Combining pulse oximetry with clinical examination can enhance the
clinician’s ability to detect life-threatening CHD in a timely manner
[17,18].
With advances in perinatal care, congenital
malformations are emerging as one of the leading causes of neonatal and
infant mortality, even in developing countries [19]. Challenges for CHD
management in developing countries include early diagnosis, transport of a
sick neonate with CHD to a tertiary cardiac center, and limited
availability of state-of-the-art pediatric cardiac centers [20]. The
present study, conducted in a community hospital, attempted to identify a
strategy based on clinical signs and pulse oximetry that best predicts CHD
in newborns immediately after birth.
Methods
This was a prospective hospital-based study (June
2006-February 2009) conducted in a secondary level hospital (Lakshmi
hospital) in Kochi, Kerala. The study personnel were given one-month
training at the coordinating centre (Amrita Institute of Medical
Sciences). All consecutive babies (including pre-mature infants) were
screened for CHD according to a pre-designed protocol. Out-born babies
were excluded. Clinical evaluation was performed by the on-site
pediatrician within the first 48 hours of life. Pulse oximetry was
recorded in a lower extremity by a study nurse using portable equipment (Oximax
N-65; Nellcor Puritan Bennett, Pleasanton, CA) at 48 hours after
birth. Bedside echocardiography was done by the research officer, using a
portable machine (Cyprus-Acuson, Siemens Medical Solutions, USA). All
babies with abnormal bedside echo-cardiography were evaluated by a
pediatric cardiologist (major CHD – immediately; minor CHD – at 6 weeks).

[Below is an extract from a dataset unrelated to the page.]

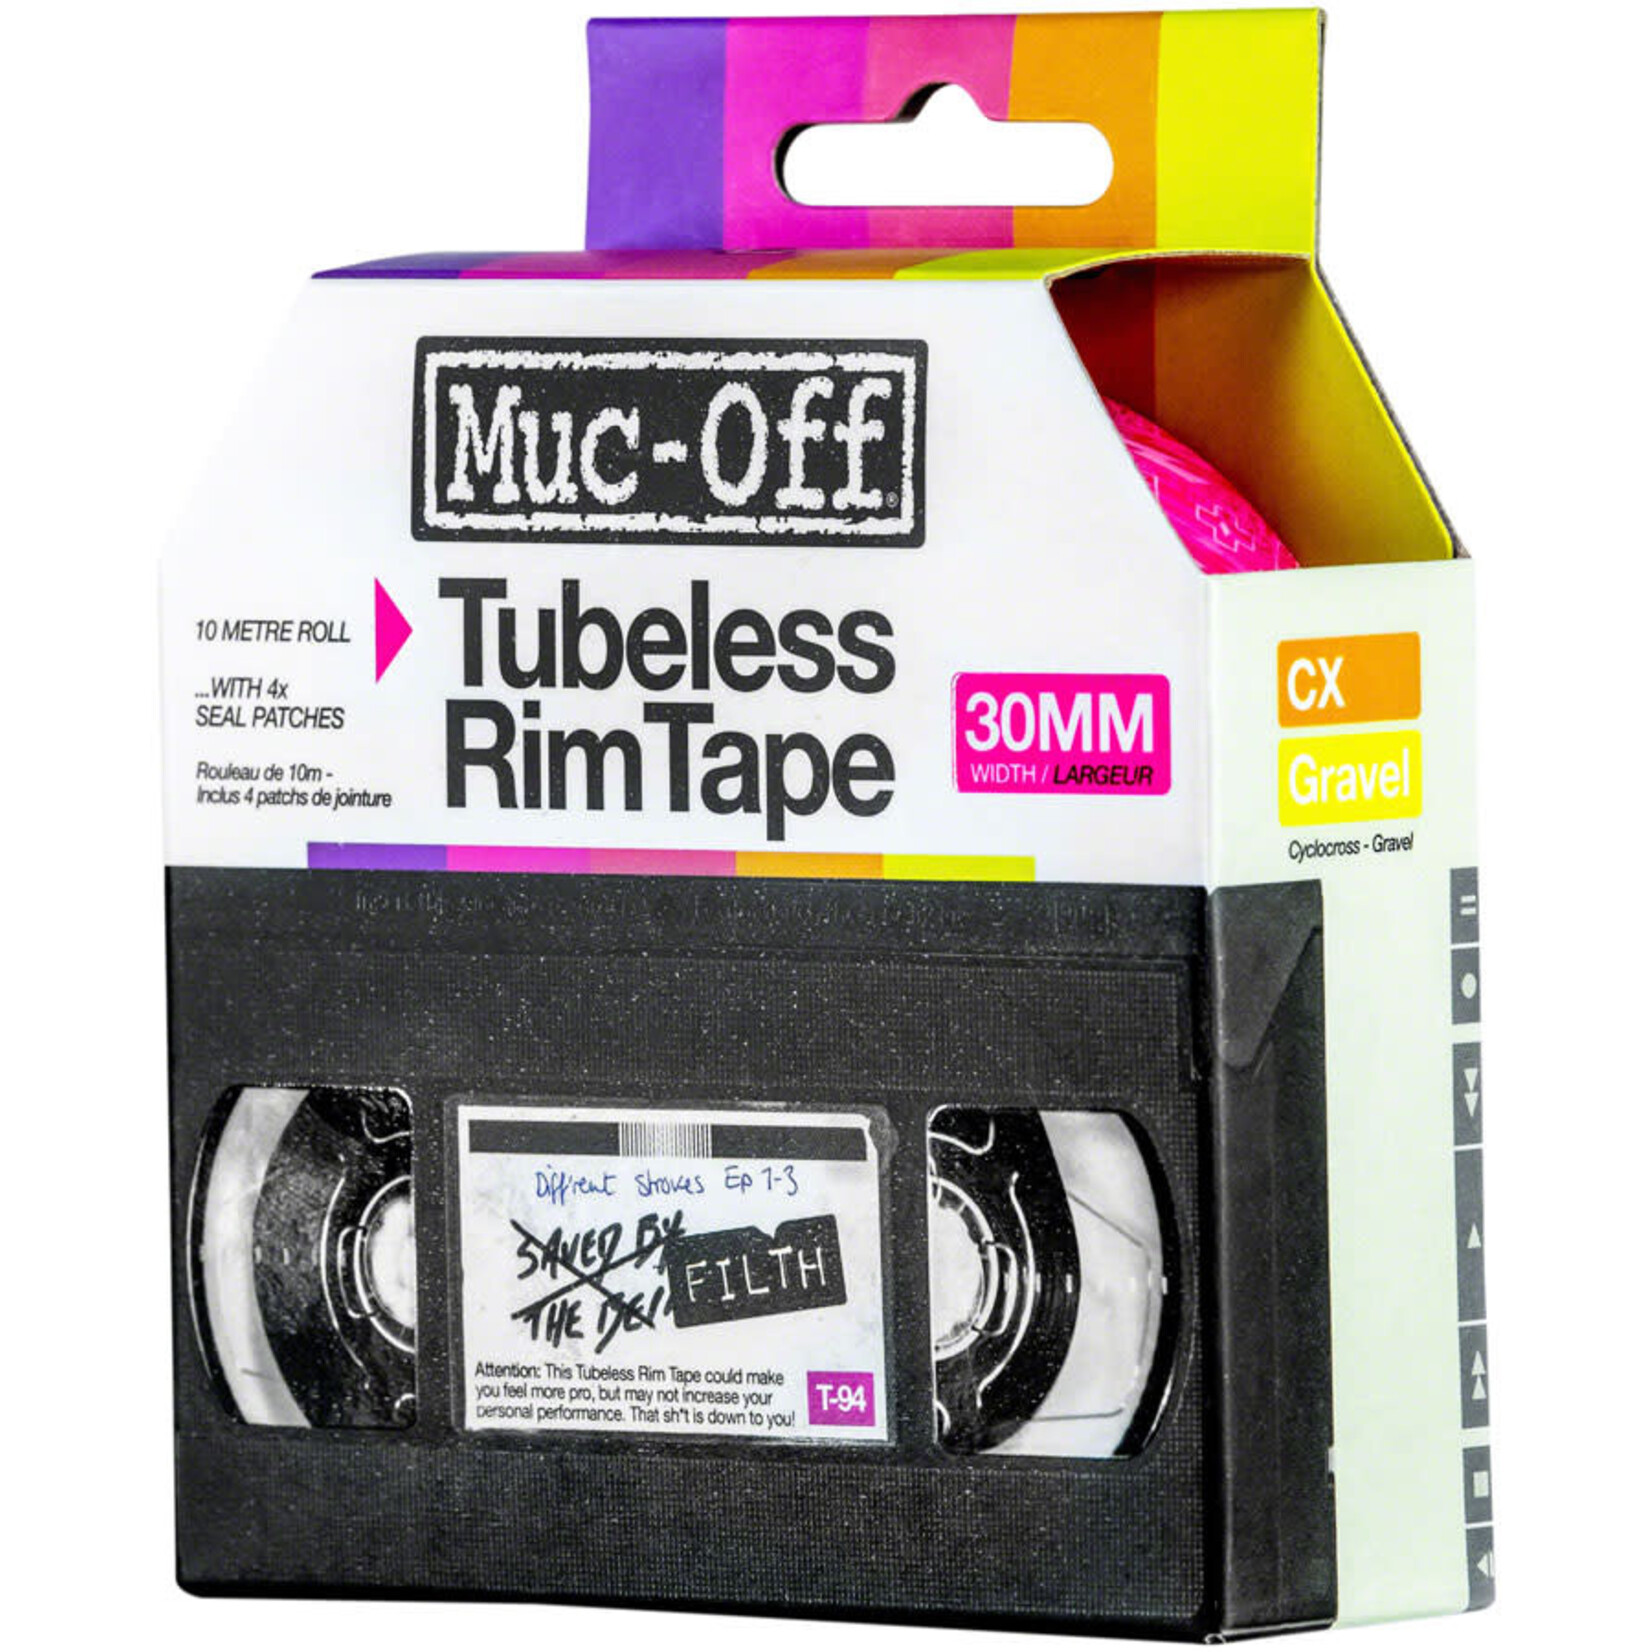 Muc-Off Tubeless Rim Tape, 10m, 30mm

For the normal babies, a follow-up evaluation (clinical evaluation,
questionnaire or telephonic interview of parents) was performed at 6
weeks. If this was abnormal, echocardiography was repeated.
Definitions of CHD: Patients were categorized into
those with and without CHD based on echocardiography [2]. Any CHD that was
likely to require early intervention was categorized as major CHD. Minor
CHD was defined as any atrial septal defect (ASD) >5mm, patent ductus
arteriosus (PDA) >2mm, restrictive ventricular septal defect (VSD) with
gradient >30mm Hg, valvular aortic/pulmonary stenosis with gradients <25
mm Hg, and pulmonary artery branch stenosis with gradients <20 mm Hg. All
others (including patent foramen ovale or ASD <5 mm, PDA <2 mm) were
categorized as normal variants. Abnormal pulse oximetry was defined as
oxygen saturation <94% [11].
Statistical analysis: For analysis, all
patients with CHD, including the ones detected during follow-up were
considered. Univariate analysis was performed using Chi-square test. All
variables which were significant with P <0.2 (80% confidence) were
entered into a stepwise logistic regression model for multivariate
analysis. Results were expressed as Odd’ ratios for association with CHD
(with 95% confidence limits) as well as P values. P value of
<0.05 was considered significant. Sensitivity, specificity, positive and
negative predictive values were computed for clinical signs, pulse
oximetry and echocardiography.
An informed consent was obtained from one of the
parents before initial screening. The study protocol was approved by the
ethics committees of the Institute and the Indian Council of Medical
Research.
Results
A total of 5487 consecutive newborn babies were
included in the study. Of these, 5086 (92.7 %) were well babies and 401
(7.3%) required admission in the neonatal intensive care unit. 2688 (49%)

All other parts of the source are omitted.